What is the difference between computer technician job description and job description of a computer technician?

There is no difference. Computer technician job description and job description of a computer technician are two phrasings of the same hiring need: a posting for someone who installs, maintains, troubleshoots, and repairs computers and supports users. They return the same templates and target the same role, so use whichever reads better for you. The role also overlaps with related titles. PC technician, bench technician, and field technician are usually synonyms covered by the templates here, while IT technician, help desk technician, and desktop support technician are closely related roles with their own emphasis. Use the title that matches your actual work, and the templates on this page cover the general, repair, help desk, small-business, and contractor versions of the role.

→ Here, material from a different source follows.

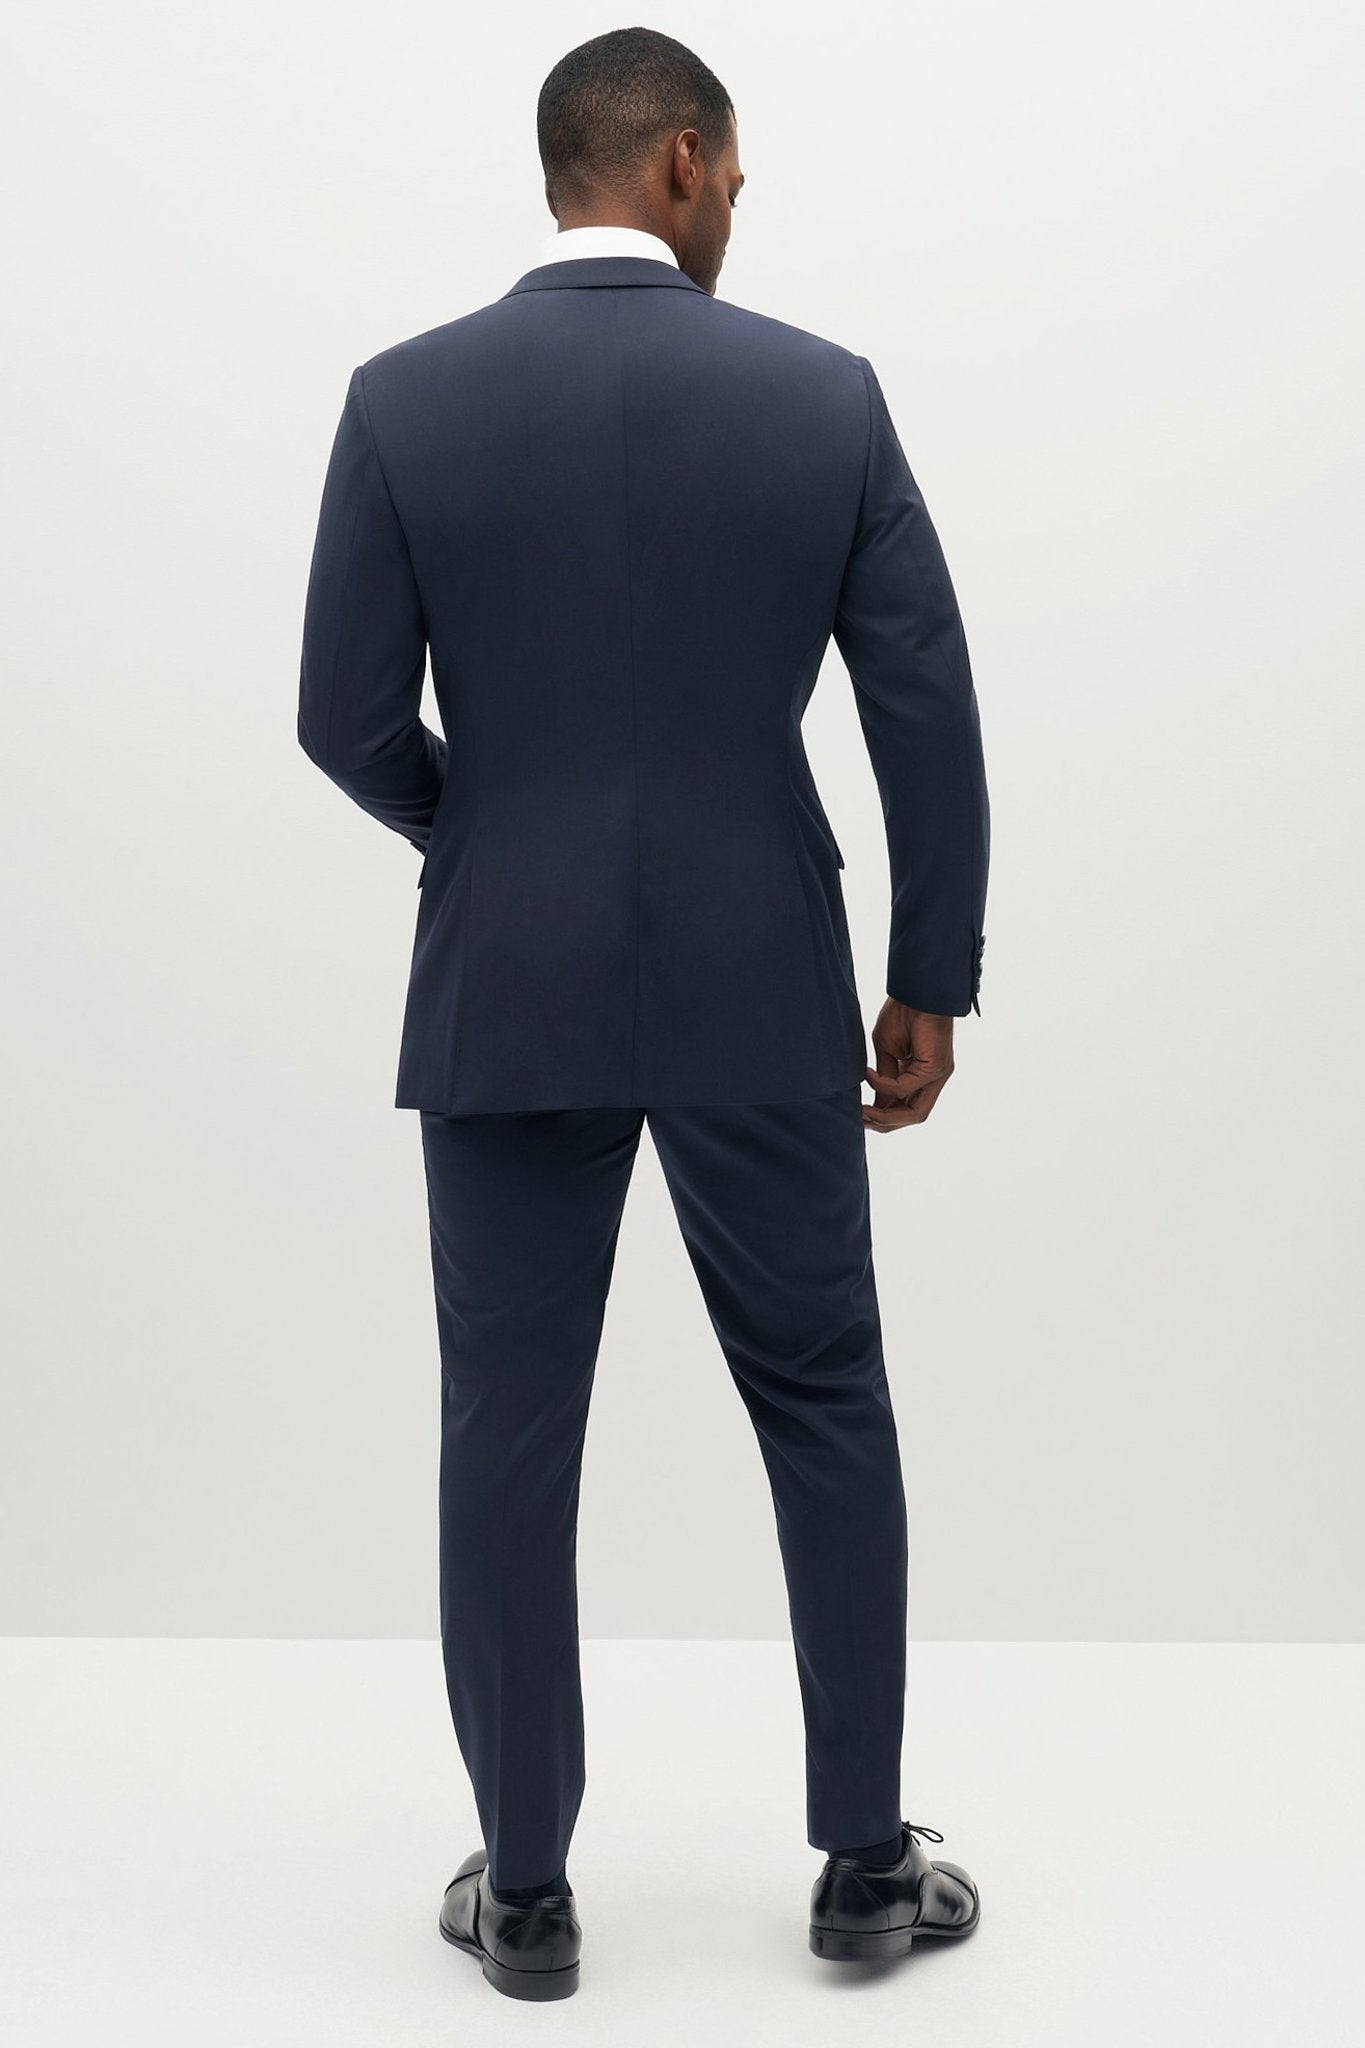 Navy Blue Groomsmen Suit by SuitShop, back view

Is a computer technician exempt or non-exempt under the FLSA?

A computer technician is almost always non-exempt, which means hourly pay and overtime eligibility. This surprises employers who assume anyone in a computer role is exempt, but the FLSA computer-employee exemption is narrow and specifically excludes hardware work. The regulation states the exemption does not include employees engaged in the manufacture or repair of computer hardware and related equipment, and a technician whose primary duties are installing, repairing, and supporting hardware does not meet the exemption's duties test. Entry-level help desk work generally does not qualify either. So unlike a software programmer or engineer, who can be exempt if paid and tasked accordingly, a computer technician is typically non-exempt and owed overtime at one and a half times the regular rate beyond 40 hours in a week. Mark the role non-exempt on the posting and track hours. This is general information, not legal advice; confirm with the Department of Labor or an attorney.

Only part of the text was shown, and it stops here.